Transaction highlights
Incitec Pivot Limited (ASX: IPL) has reached an agreement for the sale of its ammonia manufacturing facility located in Waggaman, Louisiana, USA (Waggaman) to CF Industries Holdings, Inc. (CF) for a total value of US$1.675bn (A$2.50bn)1.
IPL has also secured a 25-year ammonia supply agreement with CF for up to 200,000 short tonnes of ammonia per annum to support the Dyno Nobel Americas (DNA) explosives business. The ammonia supply agreement secures ammonia at producer cost2 for the DNA business. The value allocated to the ammonia supply agreement is approximately US$425m (A$634m) which will be offset from the cash proceeds of the sale agreement for Waggaman3.
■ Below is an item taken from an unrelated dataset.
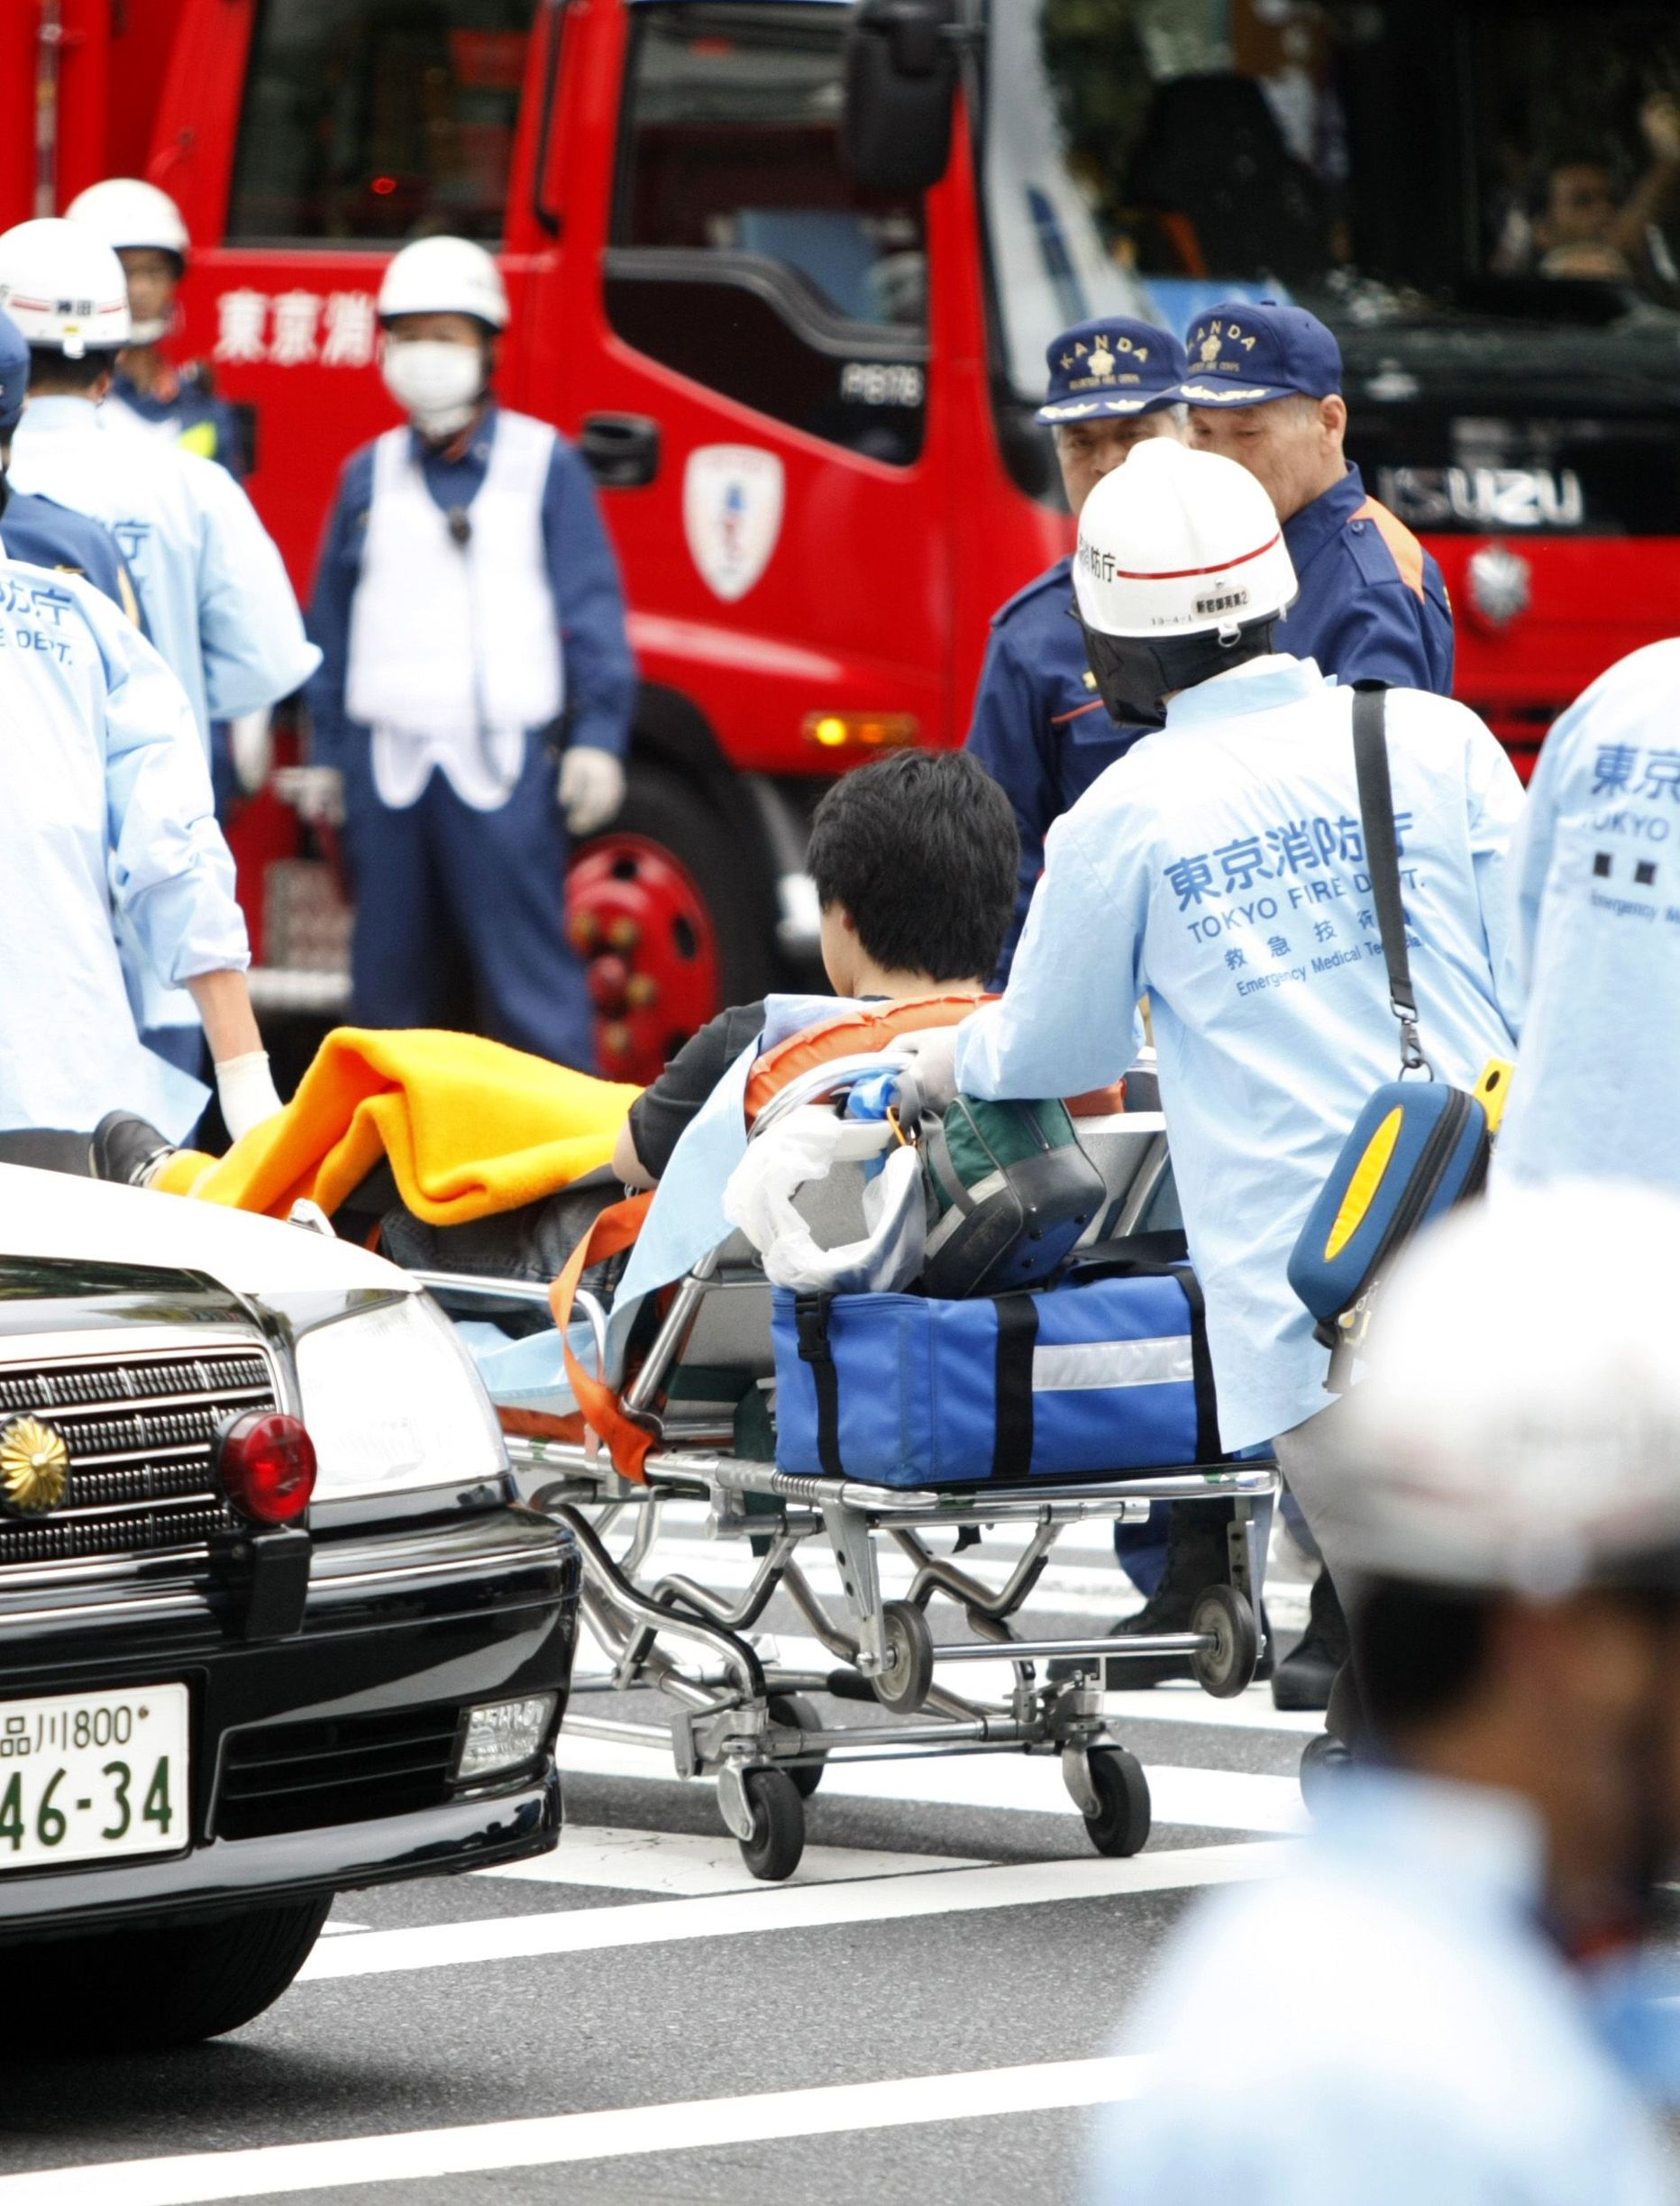 Jaapanis sõitis kiirabiauto juht 20 aastat ilma loata. Fotol Jaapani parameedikud

The divestment of Waggaman remains subject to US anti-trust regulatory clearance and the completion of other customary closing conditions.
Under the terms of the sale agreement, these conditions must be satisfied within 24 months of execution of the agreement.
Strategic rationale
The Waggaman strategic review was undertaken with our previously articulated objective of monetizing the value of the excess ammonia production from the facility while retaining the strategic value of the Waggaman site to the competitiveness of the DNA explosives business.
IPL has undertaken a robust competitive sales process to seek full value delivery for the excess commodity exposure and to secure a long-term cost competitive ammonia supply for the DNA business with a trusted and proven strategic offtake partner.
Long-term ammonia offtake agreement
Consistent with the objective described above, IPL has entered into a 25-year ammonia supply agreement with CF (initial 15-year term with the option to extend by two further five year periods at IPL’s discretion) for the supply of up to 200,000 short tonnes per annum of ammonia at producer cost4 to support the long-term cost competitiveness and sustainability of the DNA business.
The long term ammonia supply agreement provides:
• a basis to monetise DNA’s current excess ammonia exposure whilst maintaining the strategic value of cost competitive ammonia supply into our DNA explosives business;
• a platform to transform the quality of earnings base anchored on a highly competitive cost position; and
• the flexibility to pursue debottlenecking opportunities at DNA’s Louisiana, Missouri plant to support the execution of our value based growth objectives.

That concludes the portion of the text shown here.